Action item:
From the records below, set down exactly the lines starting with the line that contains "Two young women" and going on through the line that contains "Located in Canon". Nothing else is wanted.

Material shown:
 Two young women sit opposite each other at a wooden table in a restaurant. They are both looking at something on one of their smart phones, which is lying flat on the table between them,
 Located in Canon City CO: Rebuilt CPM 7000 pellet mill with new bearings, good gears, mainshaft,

* * *

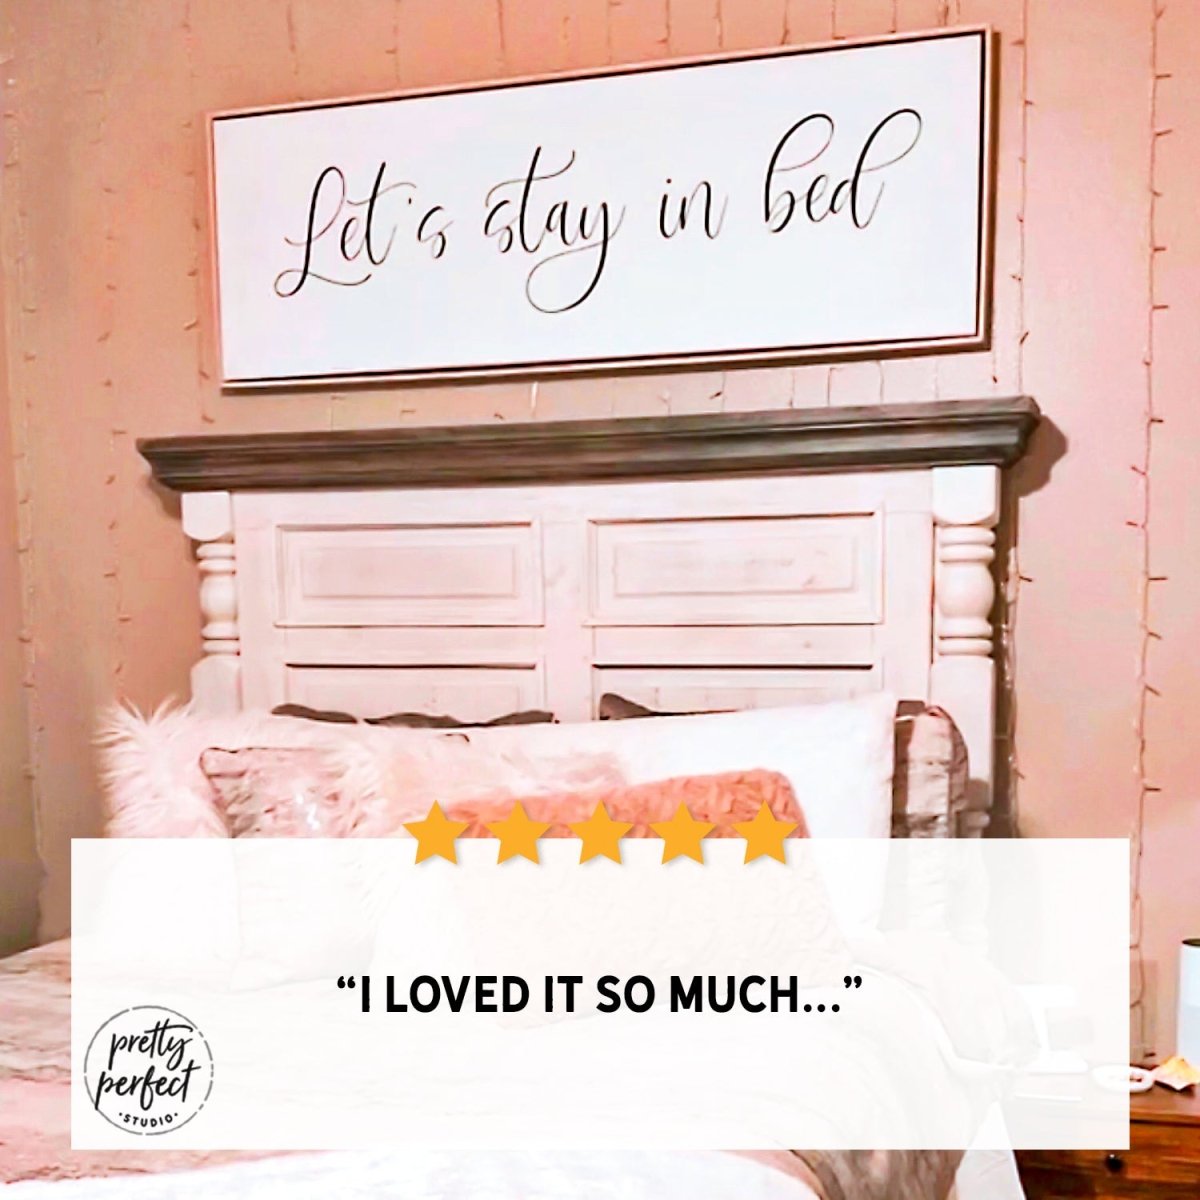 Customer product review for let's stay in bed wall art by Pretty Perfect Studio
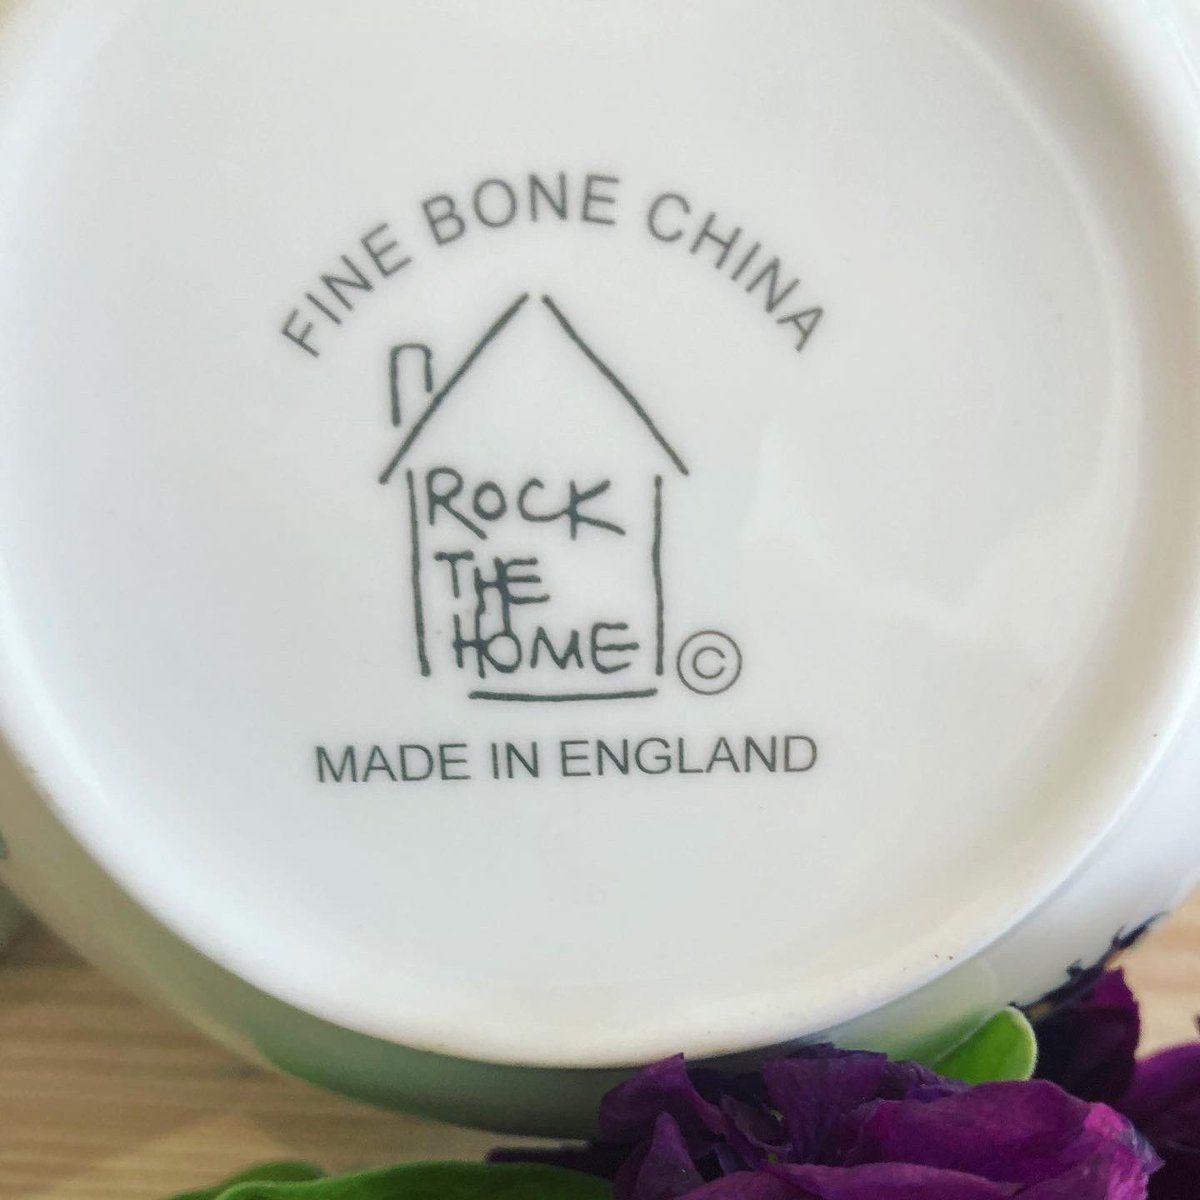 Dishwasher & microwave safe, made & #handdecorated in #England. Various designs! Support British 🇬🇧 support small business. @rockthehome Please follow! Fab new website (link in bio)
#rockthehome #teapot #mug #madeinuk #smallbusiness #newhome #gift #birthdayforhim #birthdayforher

...

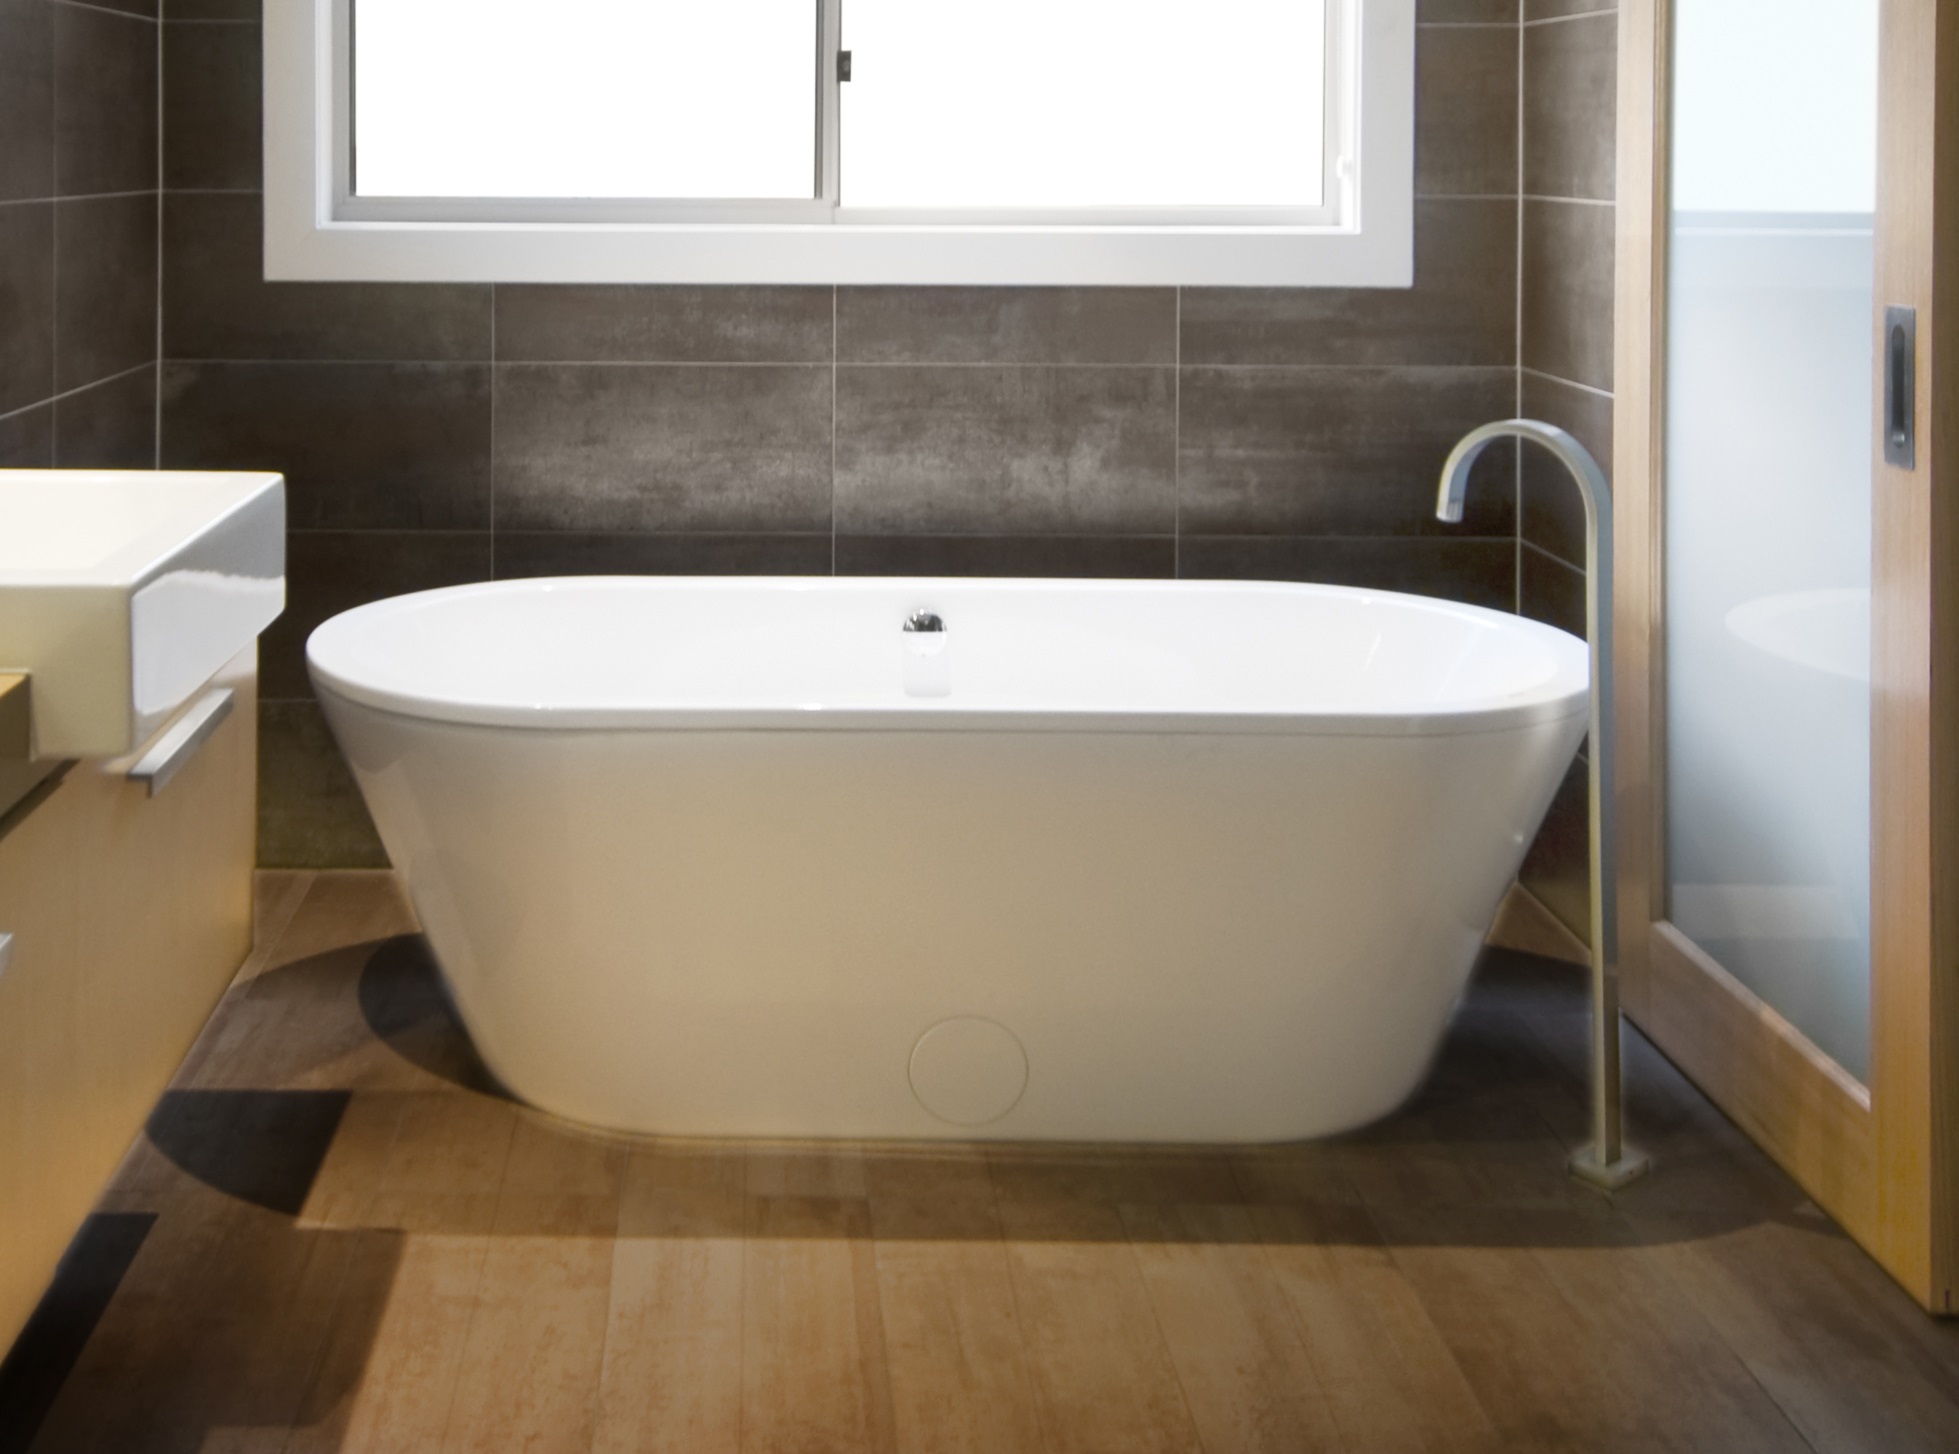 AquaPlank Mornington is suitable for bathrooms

Result for this task:
 Two young women sit opposite each other at a wooden table in a restaurant. They are both looking at something on one of their smart phones, which is lying flat on the table between them,
 Located in Canon City CO: Rebuilt CPM 7000 pellet mill with new bearings, good gears, mainshaft,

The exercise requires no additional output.